“What a horrible woman,” Mercy muttered. “Poor Toby. Do you think he really heard a voice?”
“I believe he heard someone ask for help.” He looked at Mercy. “I hope that person turns out to be your sister.”
“But it was last night,” she whispered, her mouth drying up. “A lot can happen in twelve hours.” Her brain spun with possibilities. Did he really hear a human? Could Rose be there?
Truman’s answer was to press on the accelerator.
She picked up her phone, her mind racing, her hope building. Please let it be Rose. She latched on to the new information and felt a positive energy grow in her chest. For the first time since Levi’s confession, she felt hope. “I’ll let Eddie know where we’re going. He’ll inform the rest.”
Hang on, Rose.
Rose took another sip from the bottle of water. It was her last one. She’d used the other bottle to bathe. It seemed wasteful to use drinking water for something as unimportant as cleanliness, but she’d been desperate to remove the essence of Craig Rafferty from her body.
Now she was clean, but the burn between her thighs and the pain around her neck reminded her of what he’d done.
I’m still alive. That’s more than Jennifer and Gwen.
He’d left her two bottles of water, a bucket, a towel, and a chocolate muffin.

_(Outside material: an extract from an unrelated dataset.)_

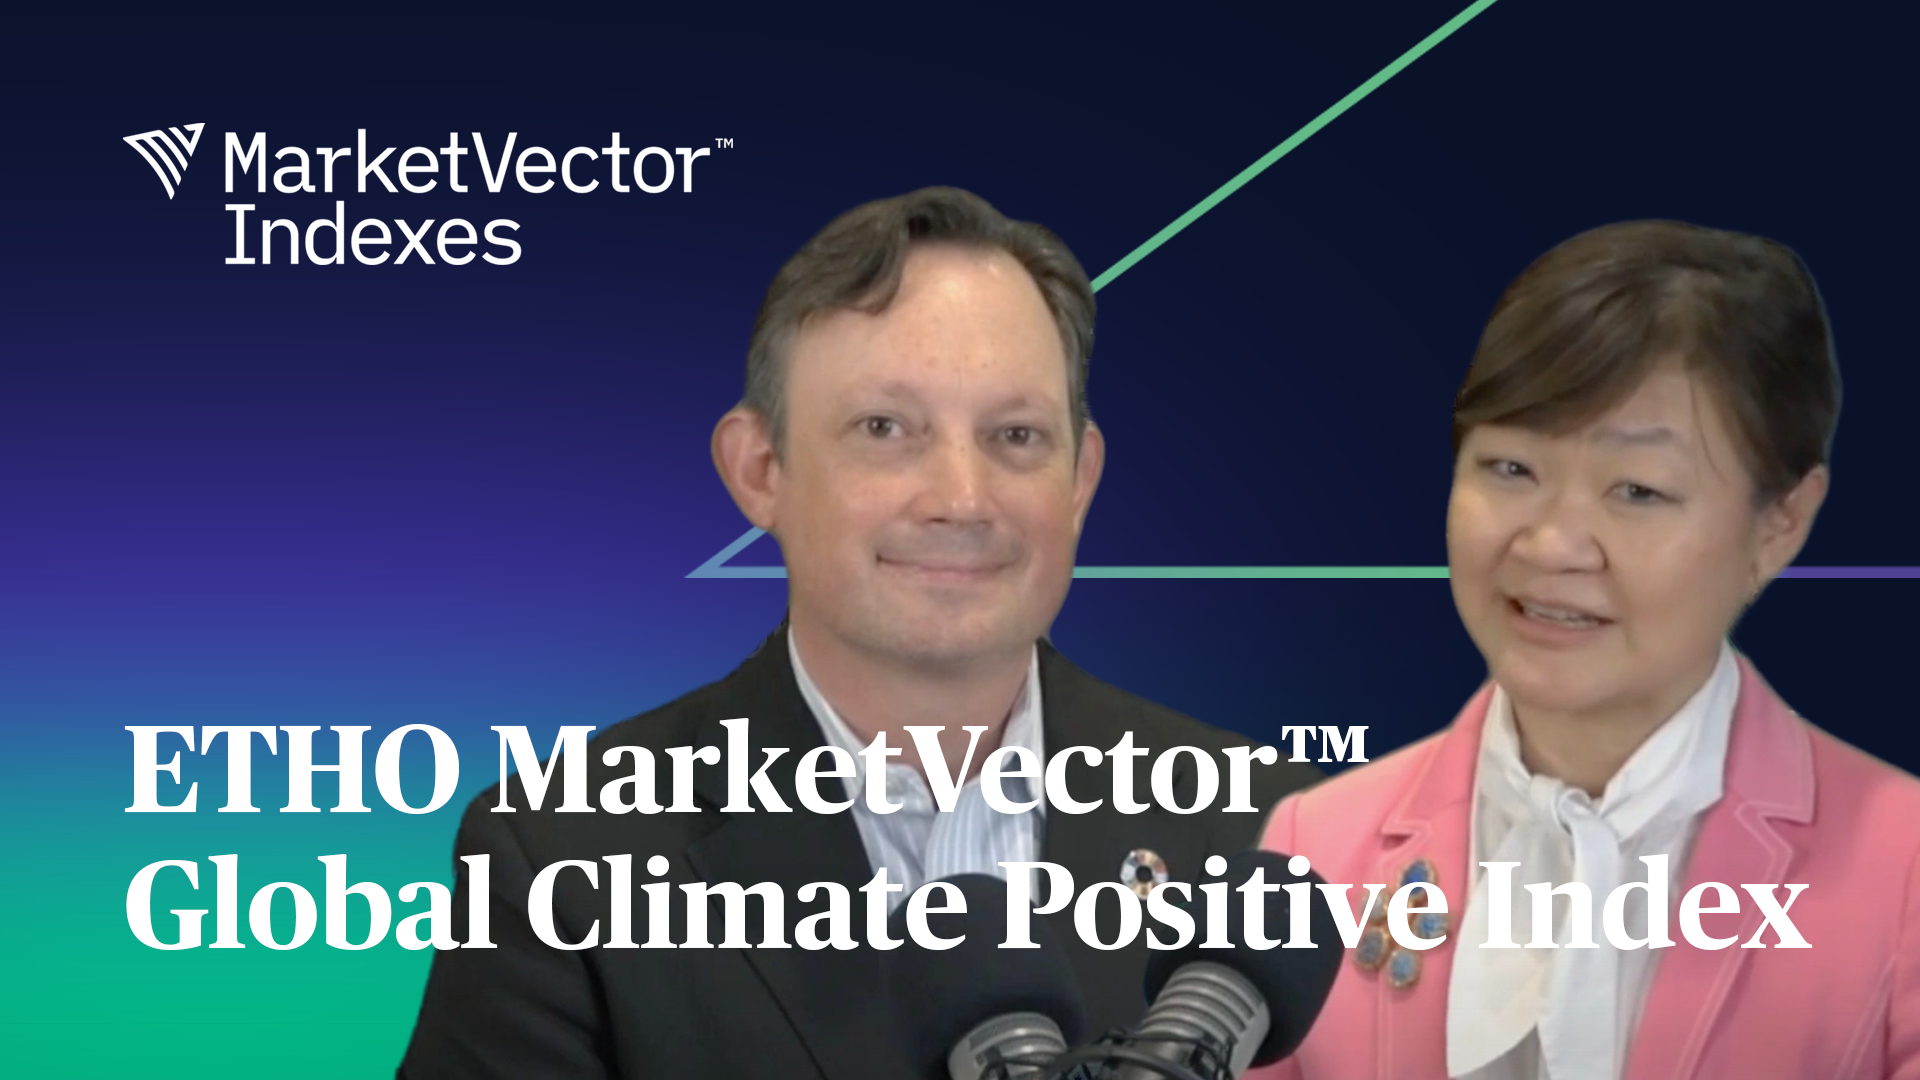 Indexing the Headlines: ETHO MarketVector™ Global Climate Positive Index
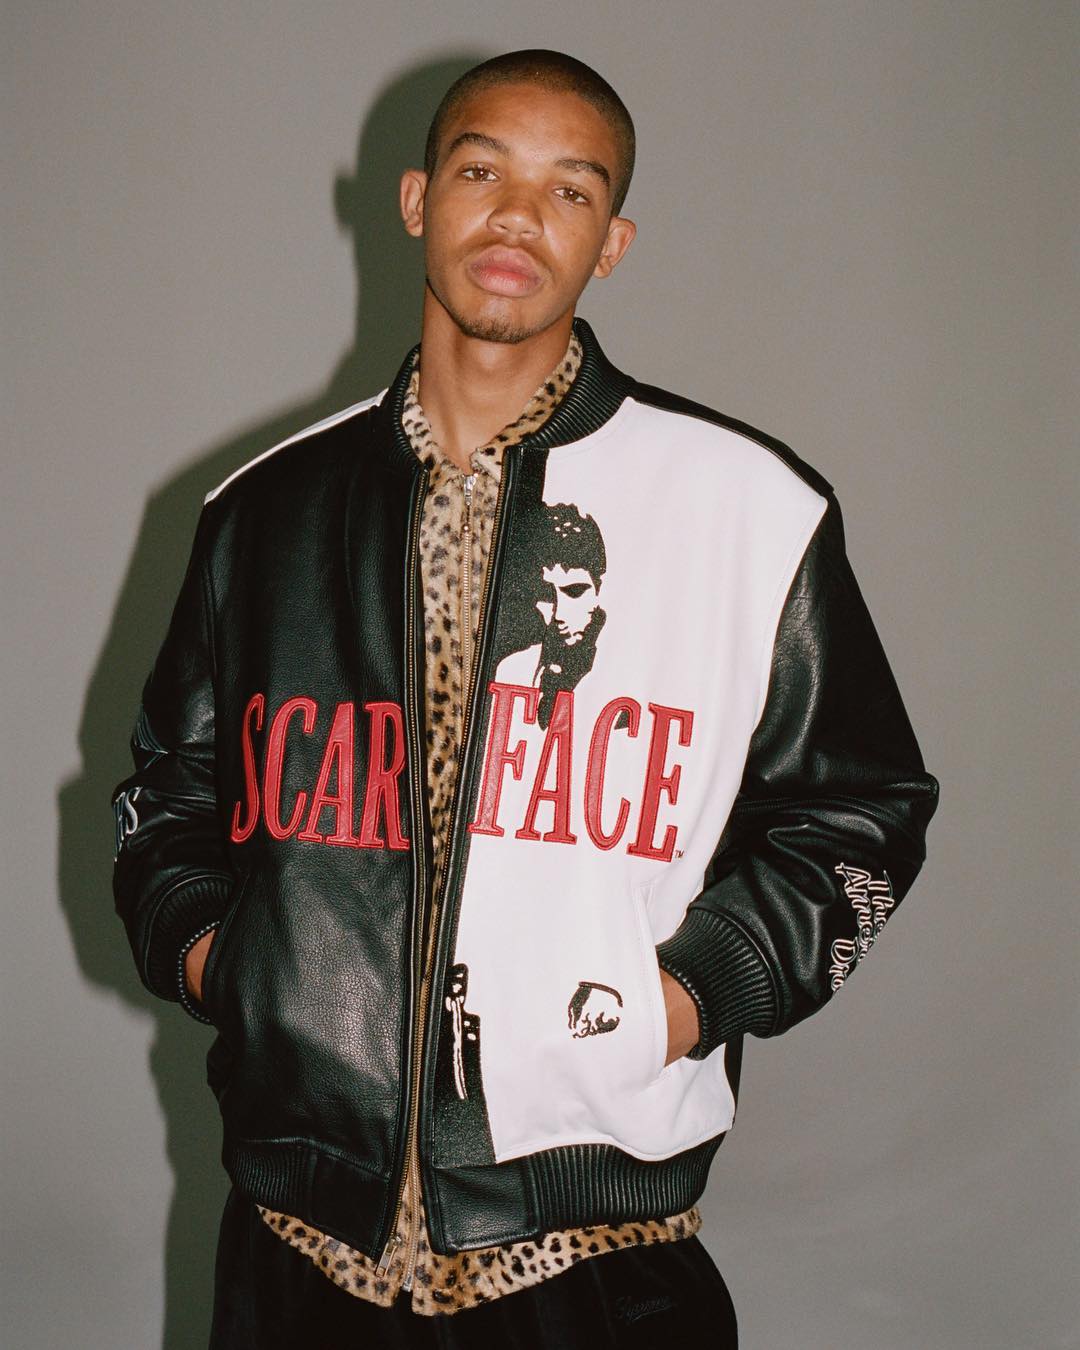 supreme-2017aw-fall-winter-scarface-embroidered-leather-jacket

She counted her blessings.
As she removed the plastic wrap on the muffin, she recognized its scent from the Coffee Café. Kaylie made it. The thought of her niece nearly brought her to tears, but none came because Rose didn’t have any tears left. Craig had ripped them out of her over the course of several hours during the night. The room stank of him. The bed stank of him. Her hair stank of him.
I’m still alive.
He’d told her in great detail what he and Kenny had done to Jennifer Sanders and Gwen Vargas. Words she could never unhear. Then he’d strangled her, whispering that her life was over as he tightened his grip around her neck, a loud buzz overtaking her brain. But just as she lost consciousness, he removed his hands and her hearing returned. Then he did it again. And again.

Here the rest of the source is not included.